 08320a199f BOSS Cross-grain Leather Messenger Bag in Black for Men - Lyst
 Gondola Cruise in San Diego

...

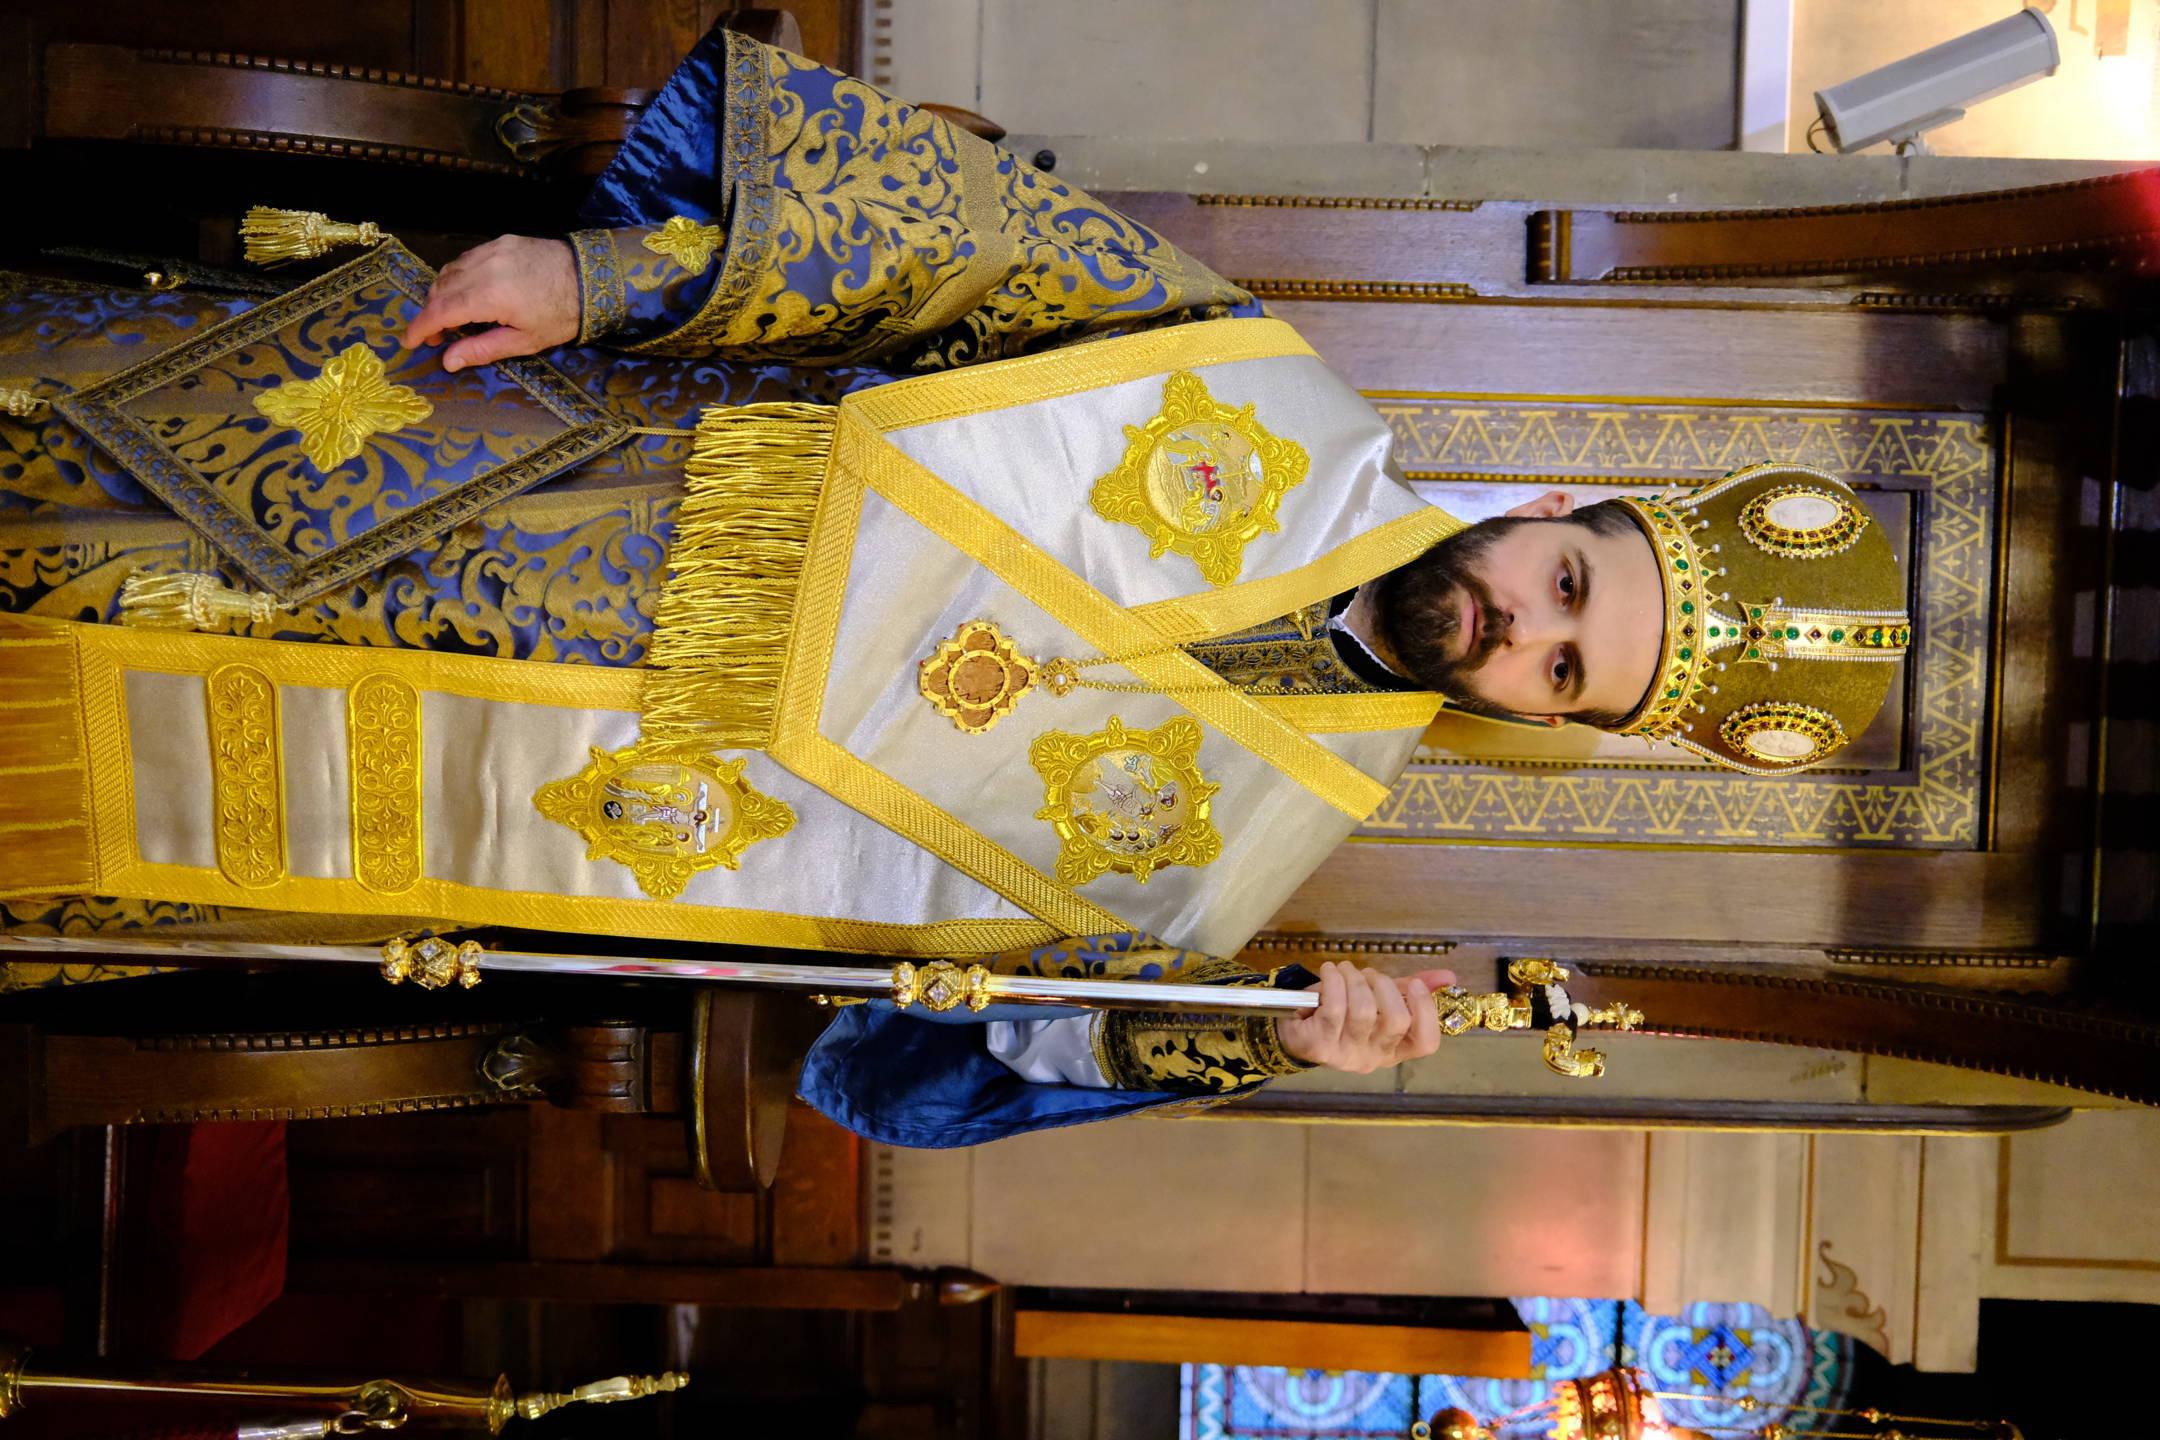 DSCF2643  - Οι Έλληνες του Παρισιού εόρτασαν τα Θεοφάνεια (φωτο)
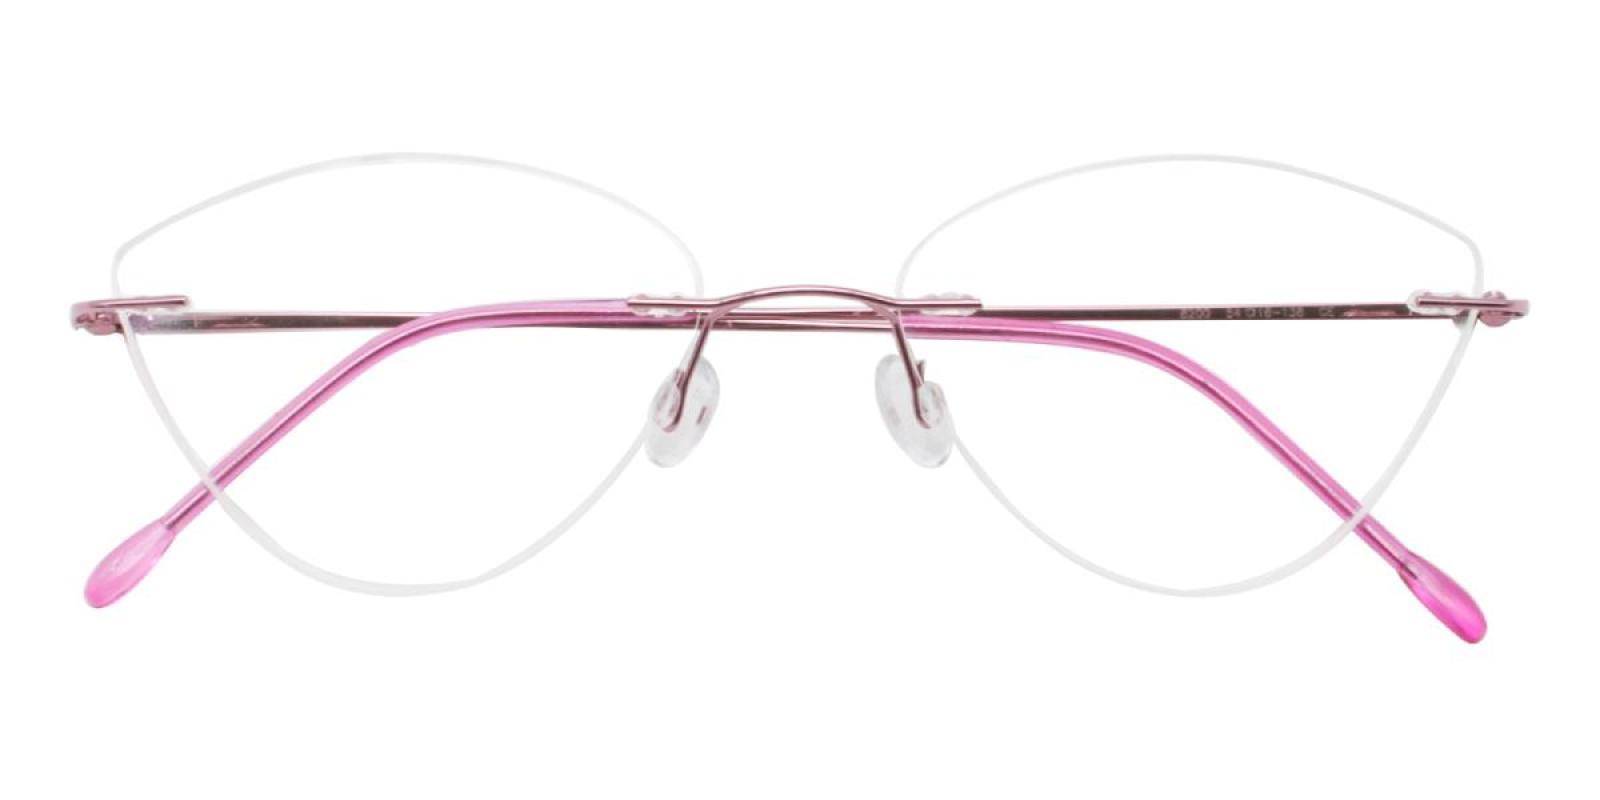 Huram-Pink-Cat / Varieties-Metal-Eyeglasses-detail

### Task
What you give back should be exactly the lines of the data above from the line with "08320a199f BOSS Cross-grain" through the line with "Gondola Cruise in San Diego", both of those included, and nothing more.

### Solution to this exercise
 08320a199f BOSS Cross-grain Leather Messenger Bag in Black for Men - Lyst
 Gondola Cruise in San Diego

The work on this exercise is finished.